As shown in FIG. 1, a recording head 9 is provided on a lower surface of the carriage 6. The recording head 9 serves as a printing head which prints an image onto the paper P (or other media or surface). The recording head 9 has a planar nozzle forming surface in this example, although one of skill in the art can appreciate a variety of different recording heads 9 that use various configurations to print. In the nozzle forming surface, a plurality of nozzles may be formed to face the recording paper P. In one embodiment, the printer 1 also includes a VCSEL which is capable of detecting properties of the recording paper P as described more fully below. Examples of properties that the VCSEL may detect as the VCSEL detects the surface of the recording paper include the speed that the paper is being transported through the printer 1 by the paper feeding mechanism, as well as the precise location of the edges of the recording paper P.

As shown in FIG. 1, an ink cartridge 10 serving as a liquid storage unit is detachably mounted in the carriage 6. The ink cartridge 10 may be divided into a plurality of storage chambers, and in each of the storage chambers, ink serving as a liquid (for example, pigment ink and reactive ink) is stored. That is, the printer 1 of FIG. 1 is called on-carriage type of printer. Ink stored in the ink cartridge 10 is supplied to the corresponding nozzle of the recording head 9. With this configuration, when the ink cartridge 10 is mounted in the carriage 6, ink stored in the ink cartridge 10 flows into the recording head 9. Then, ink flowing into the recording head 9 is pressurized by a piezoelectric element and ejected from the nozzle openings of the nozzles toward the recording paper P in the form of ink droplets.

In the printer 1, the region where ink droplets are discharged onto the recording paper P while the carriage 6 reciprocates is referred to as a printing region or ejecting region. In addition to the printing region, the printer 1 also includes a non-printing region where the nozzles are capped when the printer is not performing a printing operation. A maintenance unit 11 is provided in the non-printing region. The maintenance unit 11 periodically performs maintenance operations on the recording head 9 in order to ensure that the nozzles are able to properly discharge the liquid during the printing process.

In this embodiment, the printer 1 is capable of performing edgeless printing, wherein the carriage 6 is capable of traveling to the area beyond the edge of the paper P so that nozzles 9 of the recording head 9 may eject ink onto the entire area of the paper P without leaving a margin on the edges of the paper P without a printed image. As previously mentioned, one problem with printers currently known in the art is that it is difficult to perform edgeless printing without overspraying the ink beyond the edge of the paper and onto the platen 3 because it is often difficult to locate the exact location of the edge of the paper. Unfortunately, this overspray can result in ink transfer from one printing process to a subsequent process as the ink sprayed onto the platen 3 is transferred onto a subsequent piece of paper. Moreover, the overspray can result in smeared images and wasted ink.

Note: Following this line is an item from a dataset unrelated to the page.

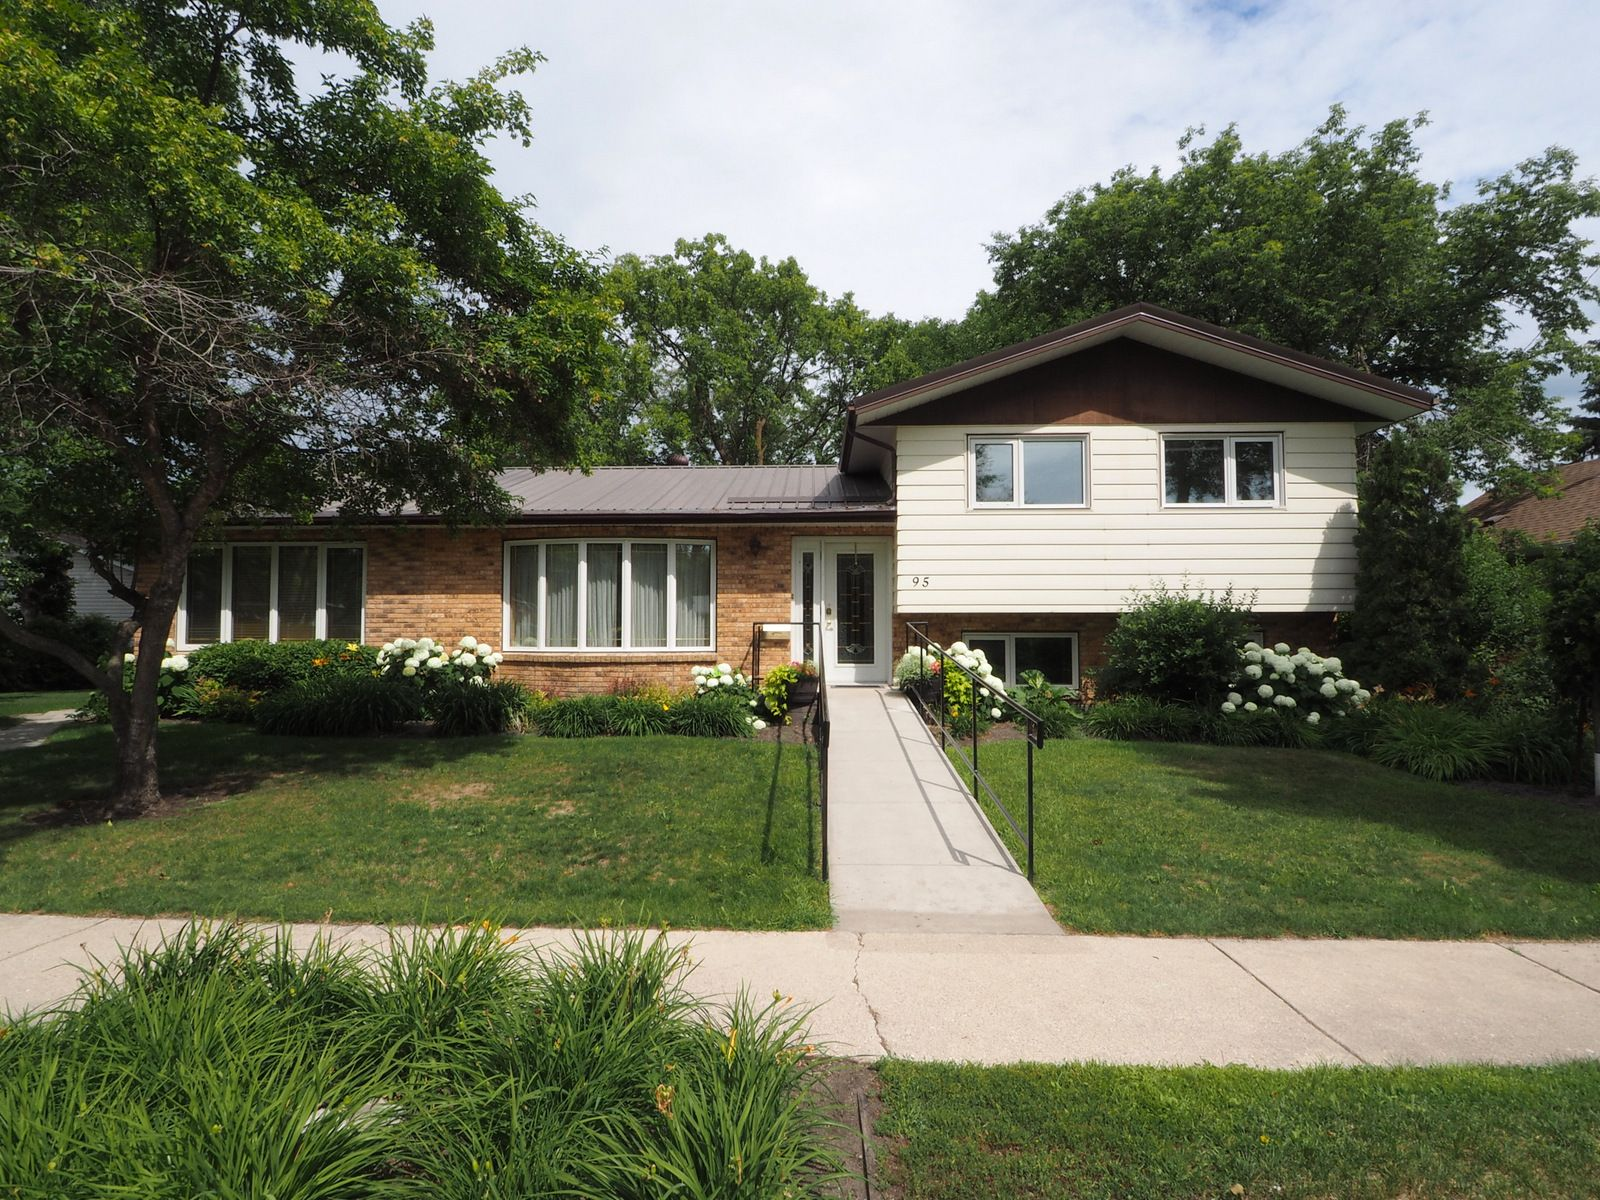 Main Photo: 95 Hampton Street W in Macgregor: House for sale : MLS®# 202017345

FIG. 2 is a cross sectional view illustrating one embodiment of a printer 1 which uses a VCSEL 200 to detect properties of the target paper P as it travels through the printer 1. In this example, the VCSEL 200 is disposed in the printer 1 in an area adjacent to the path of the recording head 9 as it is moved in the scanning direction in order to reliably detect properties of the paper P as it travels through the printer 1. In the embodiment shown in FIG. 2, a plurality of rollers 4 and 250-265 are used to transport the paper P through the printer 1. The rollers 4 and 250-265 are driven by a plurality of motors that operate in response to a series of signals sent by a controller. In this embodiment, the configuration includes a feeding roller 4 and transportation rollers 250, 255, 260, and 265.

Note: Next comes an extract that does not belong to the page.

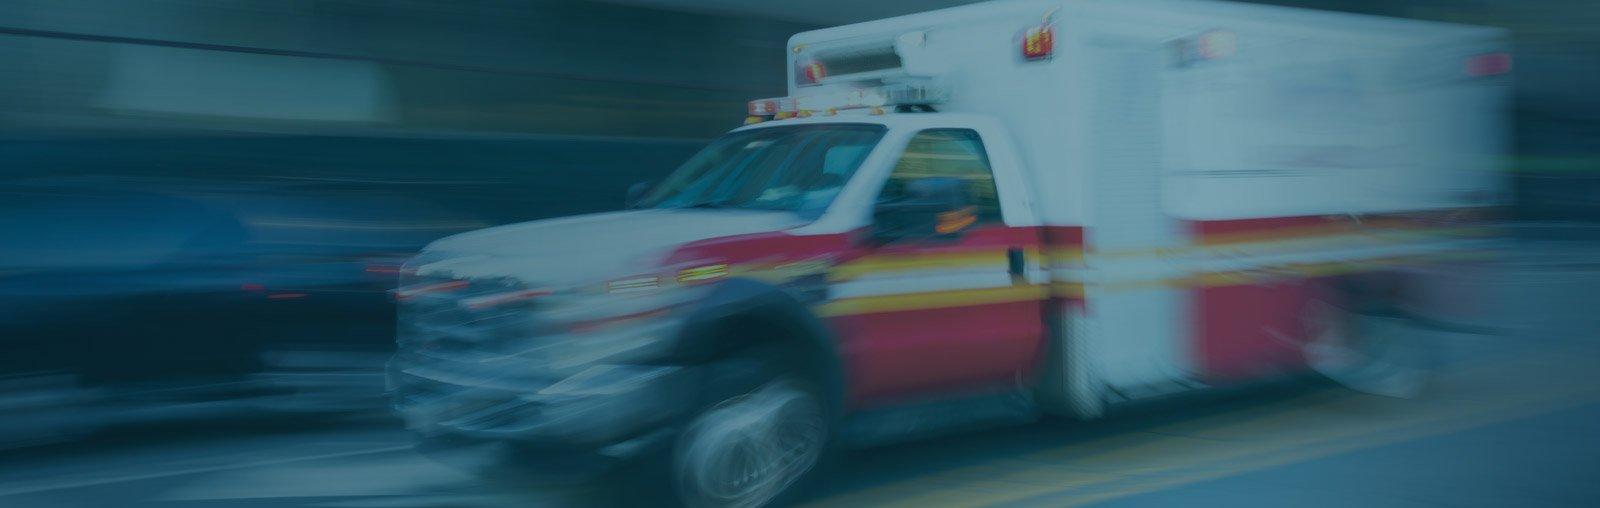 ER-Ambulance

In this example, the VCSEL 200 is a laser which emits a signal 205 towards a target . In this case, the target area R is on the surface of the platen 3 opposite to the emitting surface of the VCSEL 200. When a piece of paper P is traveling through the printer 1 and a portion of the piece of paper S is located between the emitting surface of the VCSEL 200 and the surface of the platen 3, the portion of paper S will act as a target area. When the paper is located between the emitting surface of the VCSEL 200 and the target area R, the light 205 emitted from the VCSEL 200 will be reflected from the portion of paper S as a reflected signal 210. The reflected signal 210 is then captured by a signal detector 225.

In other instances, when there is no paper P traveling through the printer 1, or when the edges of two subsequent sheets of paper P form a space therebetween, which space is located above the target area R, the light emitted 205 from the surface of the VCSEL 200 will reflect off the surface of the platen 3. When the paper P is not located between the VSCEL 200 and the target area R, the signal 205 emitted from the VCSEL 200 is reflected from the target area R. The reflected signal 212 (shown in FIG. 2 as a dotted line) is then captured by the detector 225. The captured signals are then analyzed in a process described more fully below. Using this process, various characteristics of the paper may be determined.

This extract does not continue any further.